Linear Regression Model Guide - theory part

Recently, I review the machine learning course of Andrew ng in Coursera. Surprisingly, I can still learn a lot, so I decided to write some posts👍.

To talk about linear regression, we must first have a basic understanding of what is machine learning. What is machine learning? abstractly speaking, machine learning is learning a function: $$ f(input) = output $$ where $f$ refers to the specific machine learning model. Machine learning is a methodology for automatically mining the relationship between input and output. Sometimes we find it hard to define a specific algorithm to solve some problems, and this is where machine learning shines, we can let it learn and summarize some patterns from data and make predictions. This is also where it differs from traditional algorithms (binary search, recursive, etc.). One has to admit that machine learning is fascinating by definition, and it seems to provide a viable framework for solving all intractable problems. It just so happens that many real-life problems are so hard that solving them with traditional algorithms is impossible.

📒 That’s why I always feel that every programmer should know some machine learning/deep learning, it is a great tool for us to solve problems💪

Linear regression is one of the classic machine learning models. In my opinion, it can be regarded as the counterpart of “Hello world” in the machine learning world.

In the previous formula, $input$ is the so-called feature in machine learning, which is often represented by the symbol $x$. And $output$ can be roughly divided into two categories: class/category (Classification problem) and number (Regression problem).

📒 How to understand features? The so-called features are characteristics that are highly correlated with the target to be predicted. Take predicting housing prices as an example. The housing price is obviously related to the house area, distance to the downtown, etc. The house area here is a feature. In machine learning, we can analyze the importance of different features to see which ones are highly correlated with the output, or use our domain knowledge (Domain knowledge) to choose good features wisely. But in general, machine learning still requires us to spend a lot of time spotting good features. This is the drawback of machine learning, and this shortcoming is greatly alleviated in deep learning. Of course, that is not the topic today.
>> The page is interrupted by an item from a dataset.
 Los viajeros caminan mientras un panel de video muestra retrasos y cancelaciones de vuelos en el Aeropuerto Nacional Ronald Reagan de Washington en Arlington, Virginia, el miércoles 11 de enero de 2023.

📒 Machine learning cannot magically understand the various formats of $input$ you provide, such as images, text, videos, etc.. In machine learning, $input$ is often processed as numbers, so that they can be learned by various machine learning algorithms. Some features are numbers themselves, such as the house area we previously talked about. When the input is not transformered into numbers, we needed to invent some procedure to do so, such as using a word embedding vector model to represent text, etc., and I will not go into details here. Let’s assume that the input has been processed into numbers below.
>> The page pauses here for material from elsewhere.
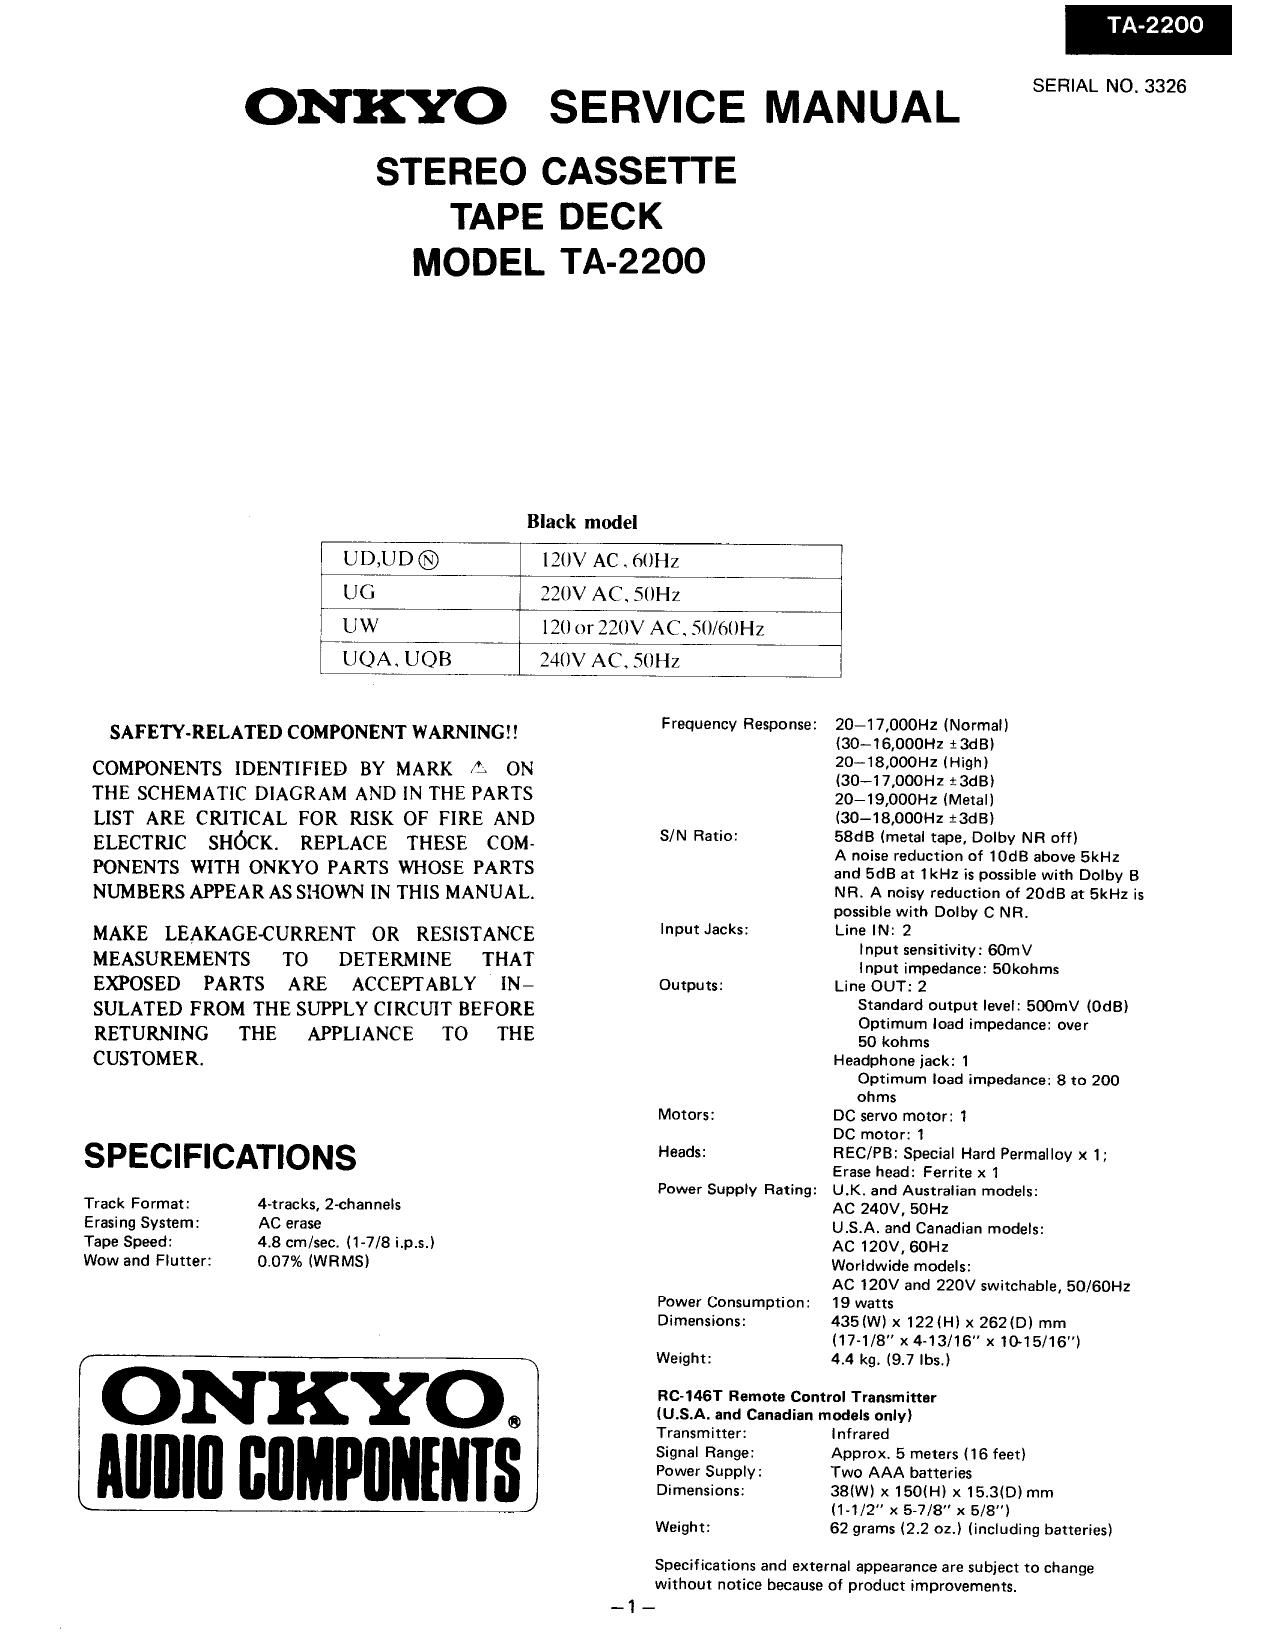 Onkyo TA 2200 Service Manual

The topic of this post, the linear regression model, belongs to the regression model in the supervised learning domain. It is a simple model, but it can explain a lot of machine learning ideas, which makes it a perfect choice to get started. Without further ado, let’s get started :)

📒 This article assumes that you have a basic understanding of matrix/vector calculus, for example, you need to know the definition of matrix multiplication, how to calculate derivatives, etc.
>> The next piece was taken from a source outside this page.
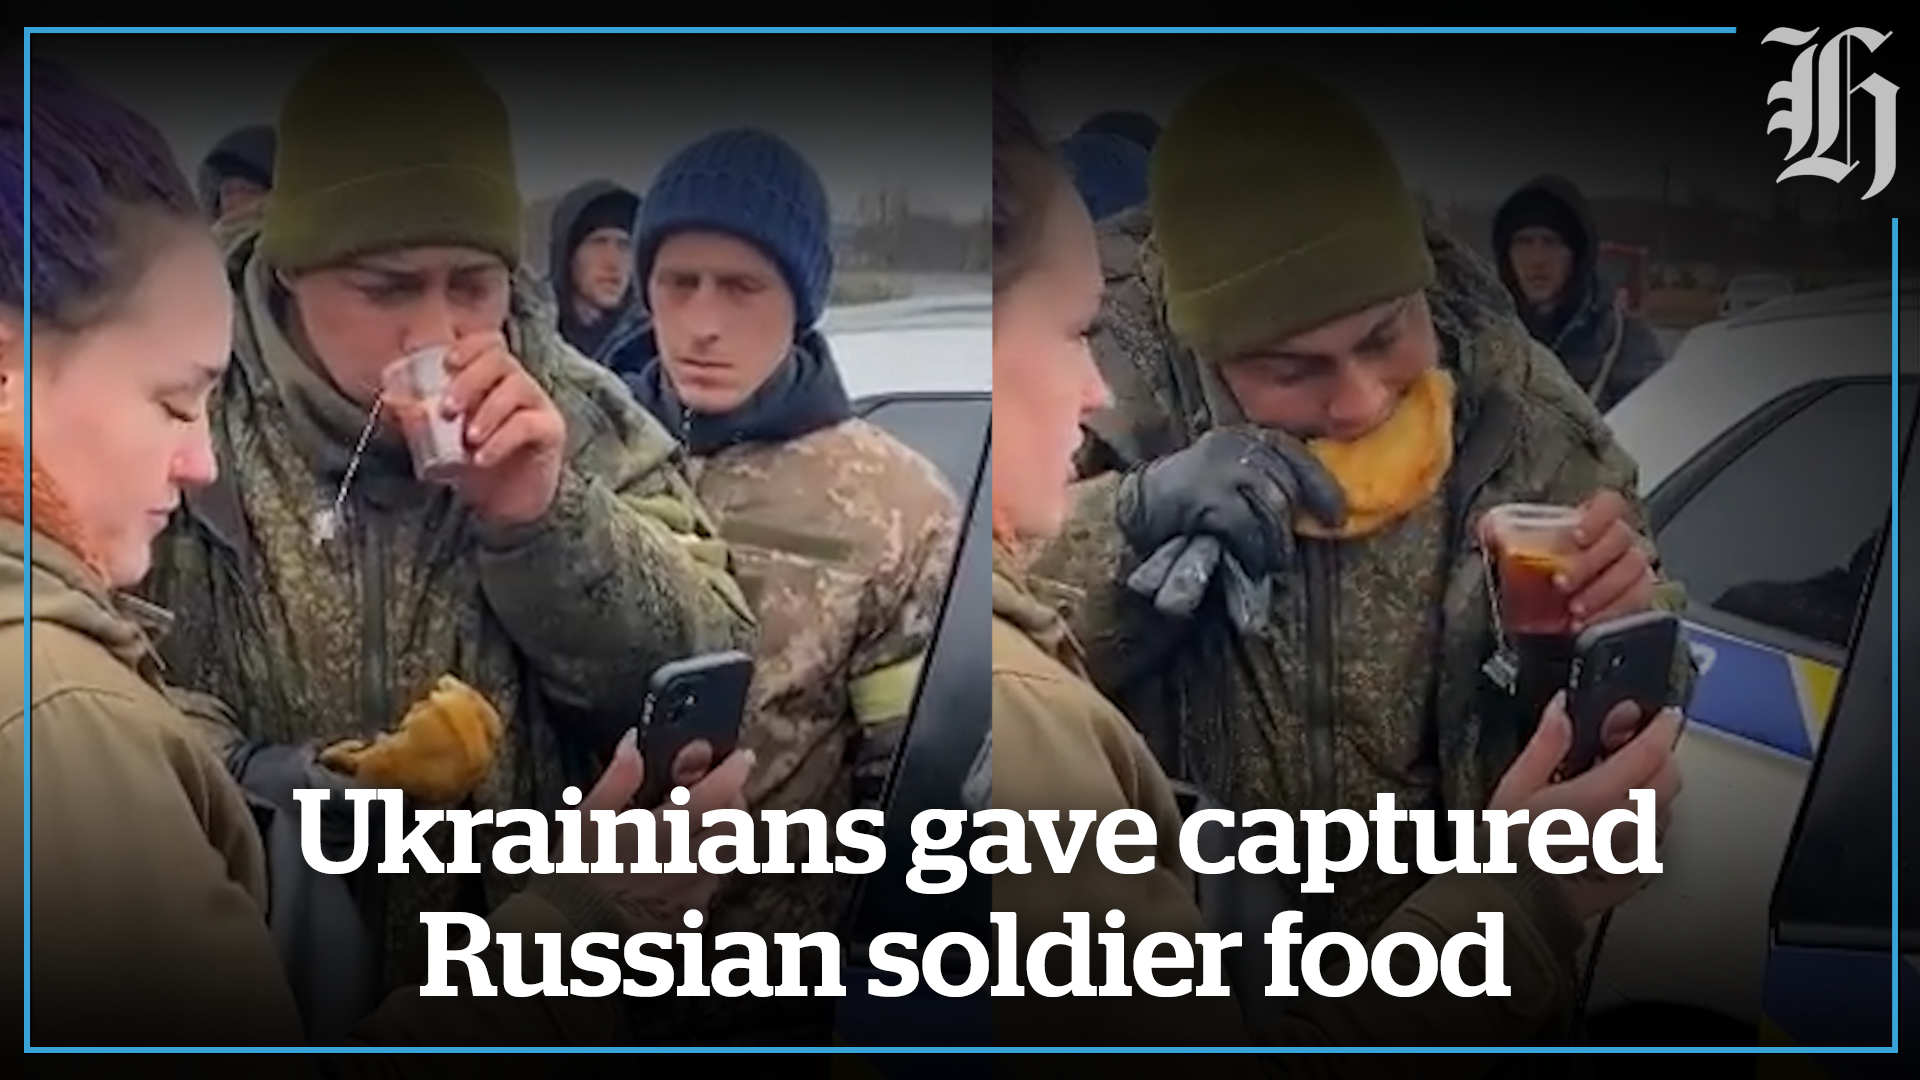 Ukrainians feed captured Russian soldier - NZ Herald

As the name suggests, it consists of two parts:

  • Linear. Taking a two-dimensional plane as an example, $y=kx+b$ is linear, for it is a straight line when drawn, but $y=x^2$ is not, because it is drawn as a curve
  • Regression because it fits the definition of a regression problem in machine learning - predicting a value of unlimited range

📒 To reduce the visual noise, the following notation $f(x)$ omits the subscripts $w,b$ for simplicity. I.e. $f(x)=f_{w,b}(x)$

📒 Sometimes you may see some books or blogs use $h_\theta$ to represent the model(h means hypothesis), I think $f(x)$ as it is more concise and intuitive.

The linear regression model can be divided into the following categories:

Univariate means that your model only accepts a single feature: $$ f(x)=wx+b $$ In machine learning world, we call $w$ and $b$ as weight and bias

📒 Note: $\theta$ is a column vector, logically it should be represented by $\vec \theta$, but for the sake of brevity, I have omitted the arrow.

📒 The equation above can also be written in the form of vector multiplication. Let $\theta=[b, w]$ represent the parameters of the model, and rewrite x as $\vec x=[1, x]^T$. According to the knowledge of vector multiplication, we can infer that $\theta^T\vec x=wx+b$

Multiple means that your model accepts multiple features: $$ f(x)=w_1x_1+w_1x_2+…w_nx_n+b $$ Where $x_i$ is the ith feature, there are $n$ features in total, for this, we need to learn a weight $w_i$ for each feature

📒 Similarly, we can choose to write in the form of vector multiplication. Let $\theta=[b, w_1, w_2, …, w_n]$ and $\vec x=[1, x_1, x_2, …, x_n]^T$. You will be surprised to find that univariate linear regression and multivariate linear regression have a unified form - $f(\vec x)=\theta^T\vec x$. This will bring great convenience when calculating the gradient later.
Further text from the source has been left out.